O chamado “sonho da casa própria” aparece, então, como uma das práticas da manipulação das idéias (apontada por Marx), sendo a população obrigada a dar aos seus pensamentos a forma da universalidade, ou seja, coerente com o esquema ideológico do modo de produção dominante. Neste contexto, vale trazer a discussão de Bolaffi acerca da ideologia da habitação popular, que assim escreve:

Em 1964, o regime revolucionário que se estabeleceu assumiu, juntamente com o poder, o compromisso de conter e reduzir as pressões inflacionárias. Mas a sua sobrevivência política dependia da capacidade de atingir esse objetivo sem provocar uma depressão economicamente profunda e prolongada. Dependia também de conseguir formular projetos capazes de conservar o apoio das massas populares, compensando-as psicologicamente pelas pressões a que vinham sendo submetidas pela política de contenção salarial. Para tanto, nada melhor do que a casa própria (BOLAFFI, 1982, p. 44).

Mas não é só no Poder Executivo que se identifica essa manipulação da realidade social. O Legislativo também se utiliza desta mesma ideologia.

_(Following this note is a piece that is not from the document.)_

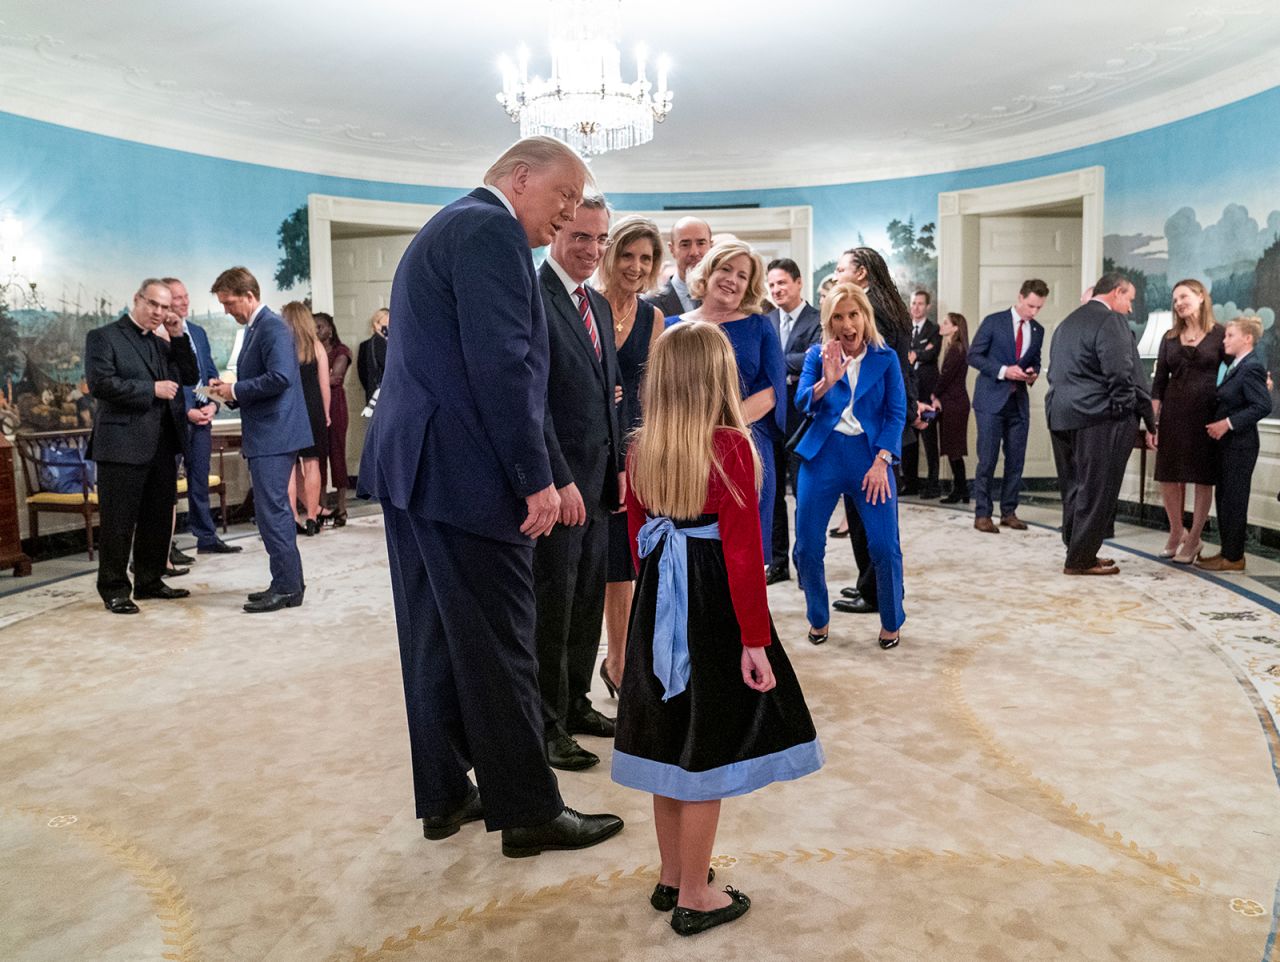 One of Barrett's daughters has several people's attention, including the President's, during the White House reception. On the left side of the photo, looking down in the blue suit, is Nebraska Sen. Ben Sasse, who tested negative for the virus, according to his office. Former New Jersey Gov. Chris Christie, who like the Trumps has tested positive, is seen at right talking to Barrett. <em>CORRECTION: </em><em>This caption has been updated to correctly state that Sen. Ben Sasse tested negative for coronavirus.</em>

Sob esta perspectiva, Villaça (2001) investigou as formas pelas quais as classes mais abastadas, na busca pela melhor localização do espaço urbano, utilizam instrumentos como a informação técnica ou jornalística, para transmitir à sociedade

a idéia de que a concentração dos investimentos públicos, na sua maioria, nas áreas da cidade que ocupam, é uma coisa muito natural. Esse processo, que o citado autor identificou como ideologia, pode ser reforçado por vários fatores/atores, dentre os quais, destacam-se, os profissionais da área de planejamento urbano, legisladores e administradores públicos municipais, que são os responsáveis diretos pela elaboração e implementação das normas sobre a organização do espaço urbano.

Esse instrumental compõe-se de códigos de obras e edificações, leis de uso e parcelamento do solo, planos diretores, entre outros, que, não raro, reforçam o processo de segregação social no espaço urbano, acabando por tornar certas áreas da cidade inacessíveis a certas camadas da população, em razão do elevado valor imobiliário nestes locais. Assim, segundo Villaça, o aparato técnico e político nos municípios está sempre voltado à reprodução de um discurso que distorce a realidade formando uma falsa consciência de que a legislação urbanística atende aos interesses de toda a sociedade.

Na realidade, a legislação urbana só está presente quando se torna necessária para a estruturação e fortalecimento do mercado imobiliário de viés capitalista. A lei é utilizada como instrumento de manutenção do poder, contribuindo para resultados como a segregação e a exclusão. É nas áreas desvalorizadas e rejeitadas pelo mercado imobiliário privado e nas áreas públicas que a camada pobre da população vai se instalar (encostas de morros, leito de rios, áreas degradadas, etc). A falta de alternativas habitacionais, seja via mercado privado, seja via políticas públicas sociais, incentiva essa dinâmica de ocupação ilegal e predatória da terra urbana. Mas, e a lei? Não é o artigo 5.º, caput, da Constituição

Federal, que dispõe: “Todos são iguais perante a lei, sem distinção de qualquer natureza, garantindo-se aos brasileiros e aos estrangeiros residentes no País a inviolabilidade do direito à vida, à liberdade, à segurança e à propriedade,...”? A partir destas reflexões teórico-conceituais poder-se-á analisar a moradia como um direito social dentro do ordenamento jurídico brasileiro para compreender em que medida este direito é efetivado para a melhoria da qualidade de vida dos mais necessitados.